Case Study: Alibaba Security Team's "Security Smart Assistant"

Alibaba Security Team's "Security Smart Assistant" faced challenges with lost session contexts and resource waste due to task interruptions when handling massive concurrent sessions.

By introducing RocketMQ's Lite-Topic capability to reconstruct the session persistence mechanism, the assistant successfully achieved automated persistence and rapid recovery of session states. This not only enabled fast, precise understanding and response to user security questions in multi-turn dialogues but also significantly simplified engineering complexity and effectively reduced resource waste caused by interruptions, improving both user experience and business efficiency.

Currently, AI Q&A bots across multiple Alibaba Cloud product lines have upgraded using this solution, further verifying the architecture's versatility and effectiveness in diverse AI scenarios.

Intelligent Compute Orchestration: Beyond Load Balancing—Building a Controllable Scheduling Hub

Large model services generally face two core challenges in resource scheduling:

• Load Mismatch: Front-end requests are highly bursty, while backend compute resources are limited and relatively stable. Direct connection often leads to service overload crashes or wasted resources.

• Indiscriminate Allocation: Once traffic is stabilized, ensuring that high-priority tasks get preferential access to valuable compute resources becomes key to enhancing overall service value.

In this context, Apache RocketMQ plays a crucial role. It not only serves as a buffering layer between front-end requests and backend compute services, "shaping" irregular traffic into a smooth, controllable flow, but also provides a "controllable compute scheduling hub" through features like rate-limited consumption and priority queues. This enables fine-grained control over request traffic, drastically improving resource utilization efficiency and service quality.

RocketMQ's core features provide a solid foundation for intelligent compute scheduling:

• Natural Traffic Shaping to Protect Core AI Compute: RocketMQ acts as a natural "traffic reservoir," buffering burst requests. This allows backend AI model services to consume loads adaptively based on their processing capacity (similar to a sliding window), preventing system overload or resource waste.

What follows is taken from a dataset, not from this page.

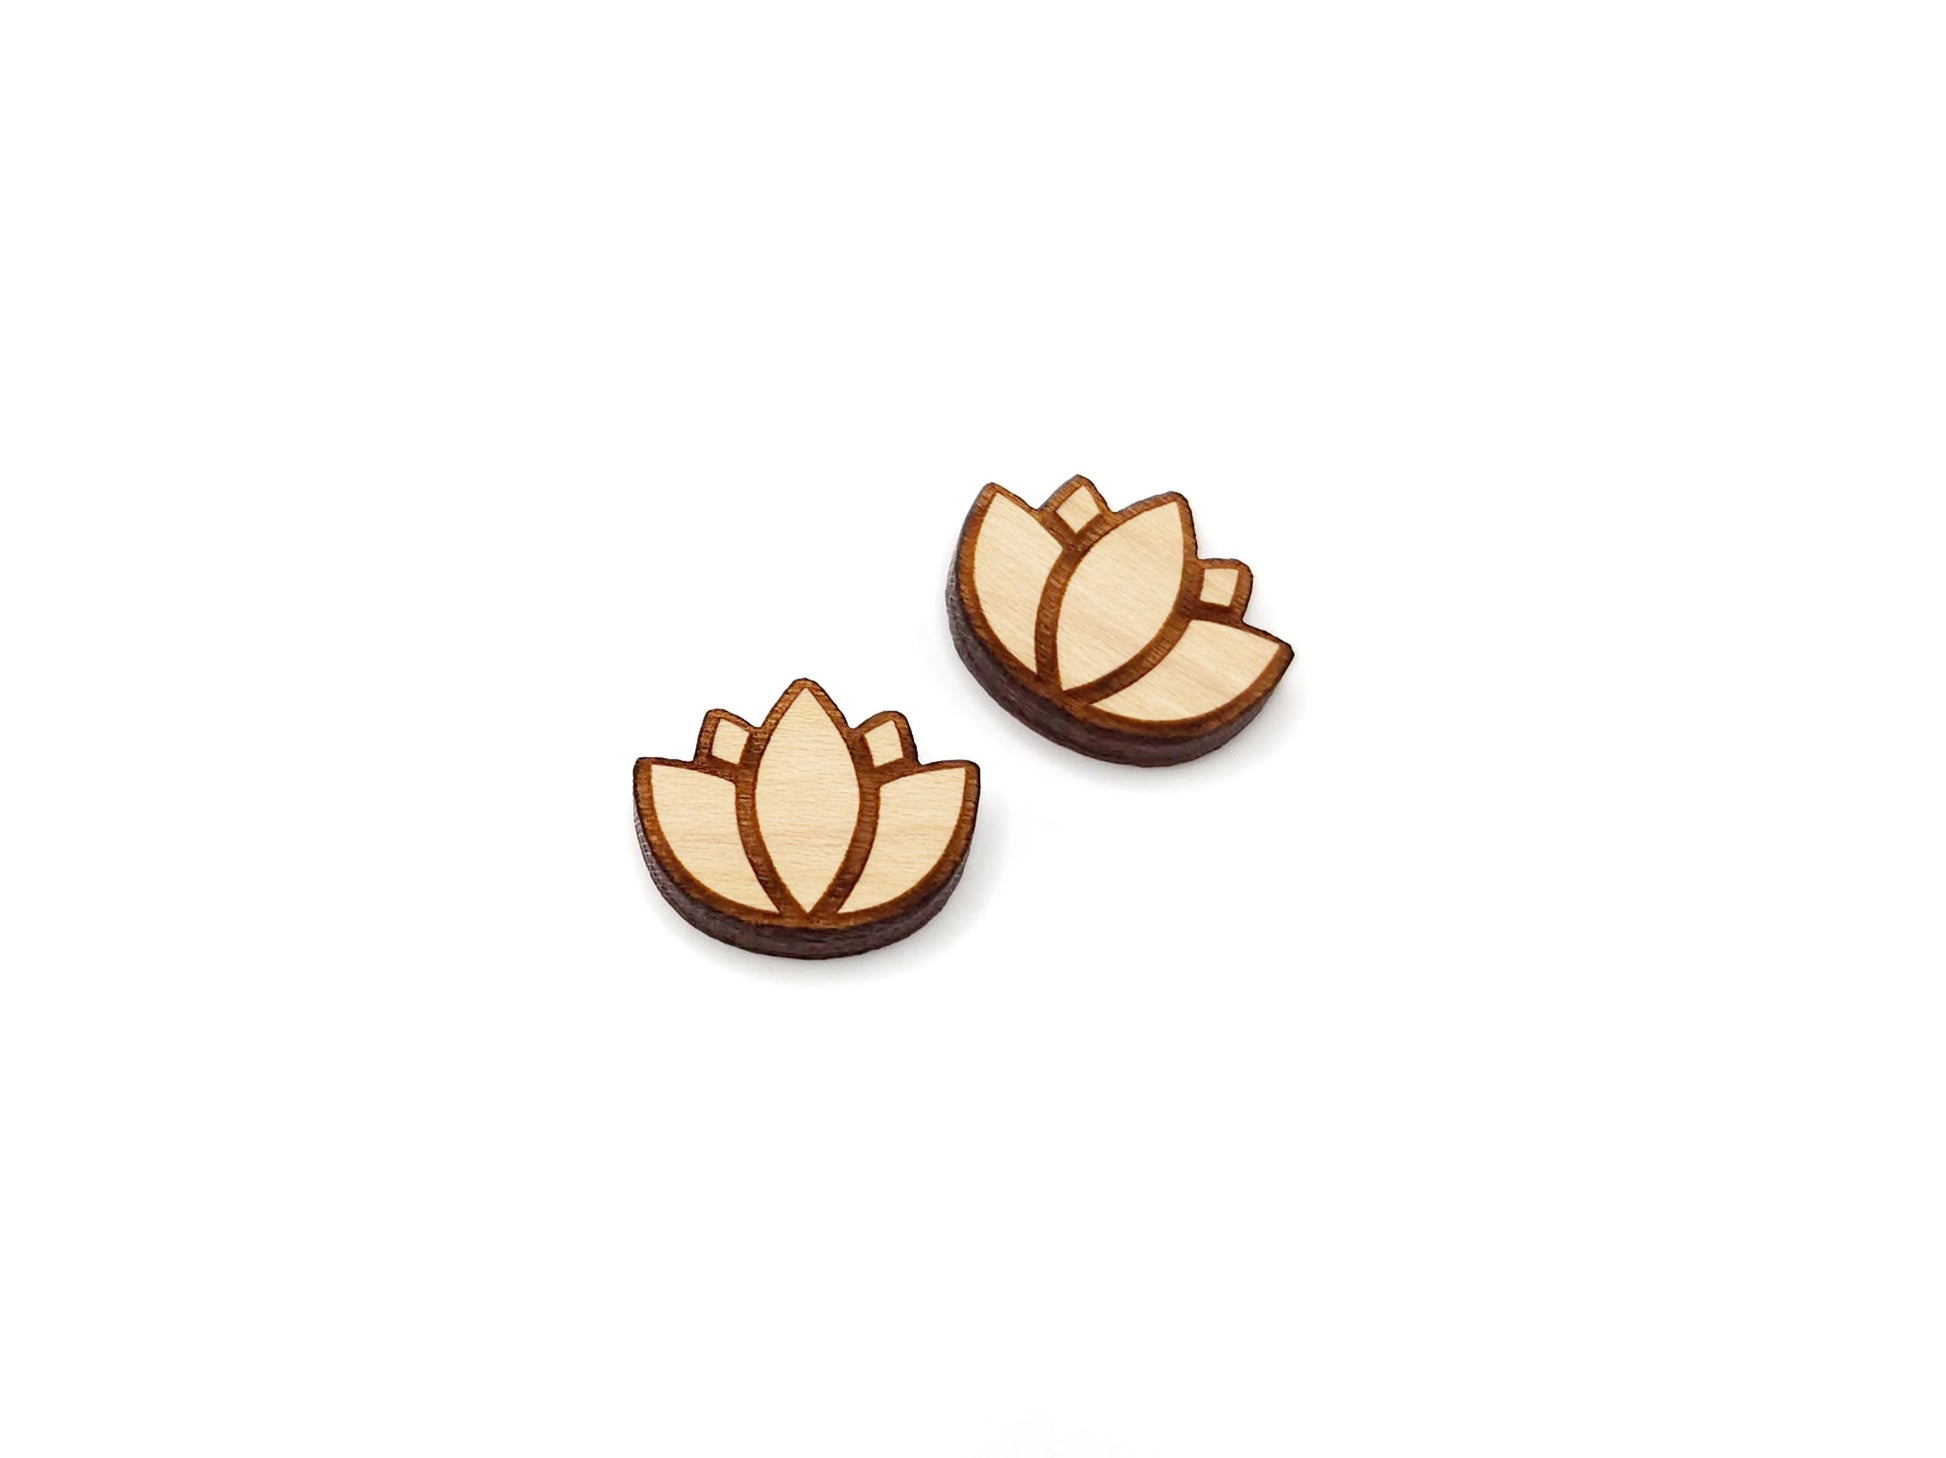 a pair of wooden cabochon earring blanks cut and engraved to look like a lotus flower

• Rate-Limited Consumption to Maximize Utilization: RocketMQ supports rate-limited consumption, allowing developers to set consumption quotas for ConsumerGroups. Developers can flexibly define the calls-per-second for AI compute, maximizing throughput without overloading the core system.

• Priority Queues for Intelligent Scheduling: Furthermore, RocketMQ's message priority mechanism offers flexible resource scheduling for complex scenarios:

Preemptive Allocation: When high-value tasks (e.g., VIP user requests, critical system analysis) enter the system, they can be marked as high-priority. RocketMQ ensures these messages are consumed first, prioritizing valuable compute resources for the most critical tasks.
Weighted Allocation: In shared compute pool scenarios, message priorities can be set based on the real-time execution status of various business requests. This adjusts the execution order to ensure overall throughput efficiency while preventing individual tenants from being starved of resources.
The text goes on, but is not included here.